Yeah, and that was kind of innate in the creation of that first story. I came in kind of in the middle. I ended in the middle. So when Dick sent back the pages inked, he put a little note, “This was a lot of fun. Really took me back. Let me know if you want to do more.” And it hadn't crossed my mind to do more until then. Then it became a serious opportunity to explore that idea.

Do you see Doris Danger as a straightforward start-to-finish narrative?

Oh, god no. It jumps between a ton of different wacky characters, and it jumps chronologically at every turn. And then, every few pages, it ends in a cliffhanger, and it never necessarily returns to see how those characters got out of any of the cliffhangers. The story grows and expands and fills in holes you don’t realize are there.

[Tabloia is] this cheap publisher that found a stack of their old comics, and realized they didn’t have to pay artists and writers for new stories if they just reprinted these old ones. They think they can make a quick buck off all these dumb kids who like this stupid stuff for some reason. And since they hold it all in such low regard, they don’t bother to curate which back issues they include, or to even put them in chronological order. They publish the stack they found under the sink, in the order they found them.
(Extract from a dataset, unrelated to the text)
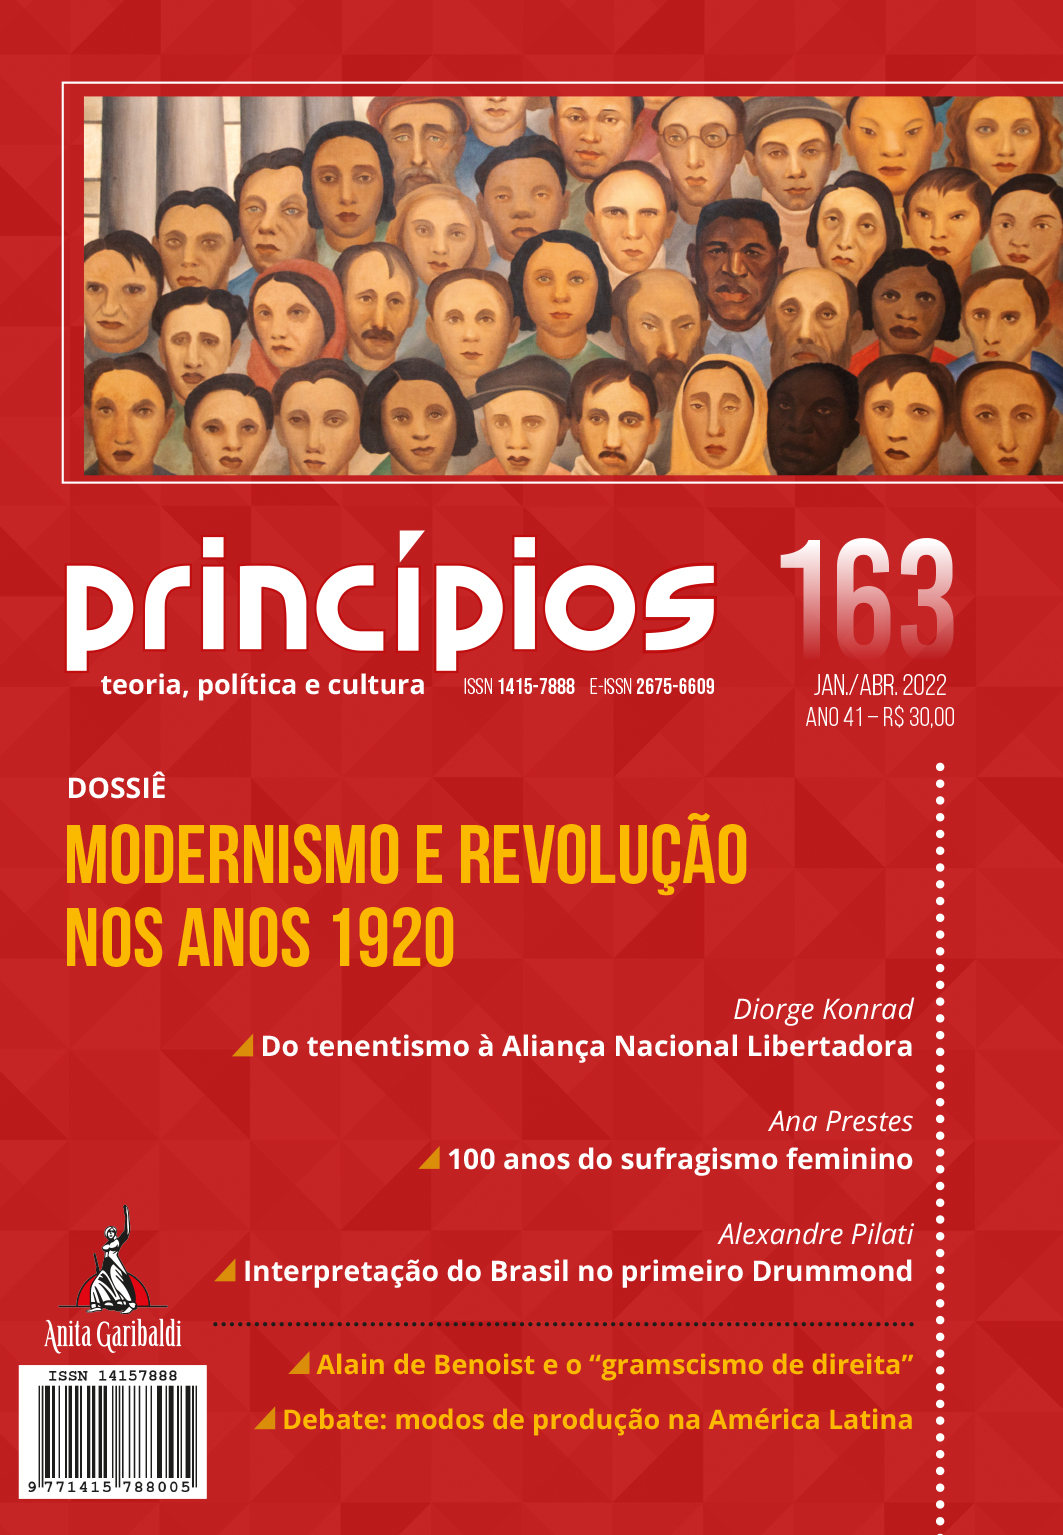 Princípios nº 163 – Jan./Abr. 2022.Modernismo e revolução nos anos 1920.

How do you go about managing a structure like that?

Well, every new page I draw is an opportunity to take a previously published line of dialogue and create a story from it. “A giant monster was spotted in Indiana, but we suspect it was actually a Russian Spy masquerading as a giant monster!” Then I can have an Army general thinking out loud about how he apprehended the whole Russian Monster Masquerading Spy ring, and a Russian spy is in the room with him, undercover, thinking, “Hm!” Then I can have scientists talking about how the only way you can catch a Russian spy is if they laugh, because they always go, “Heh heh heh.” Then I can have a sequence of Doris in jail, and there are all these fellow captives in there going “Heh heh, heh heh.” You see, one thing happens and it allows for more ideas - before or after in time, and it’s ok. That can be part of the fun of the delivery of the jokes.

Kind of like these thematic leaps, but not necessarily narrative leaps, throughout the story.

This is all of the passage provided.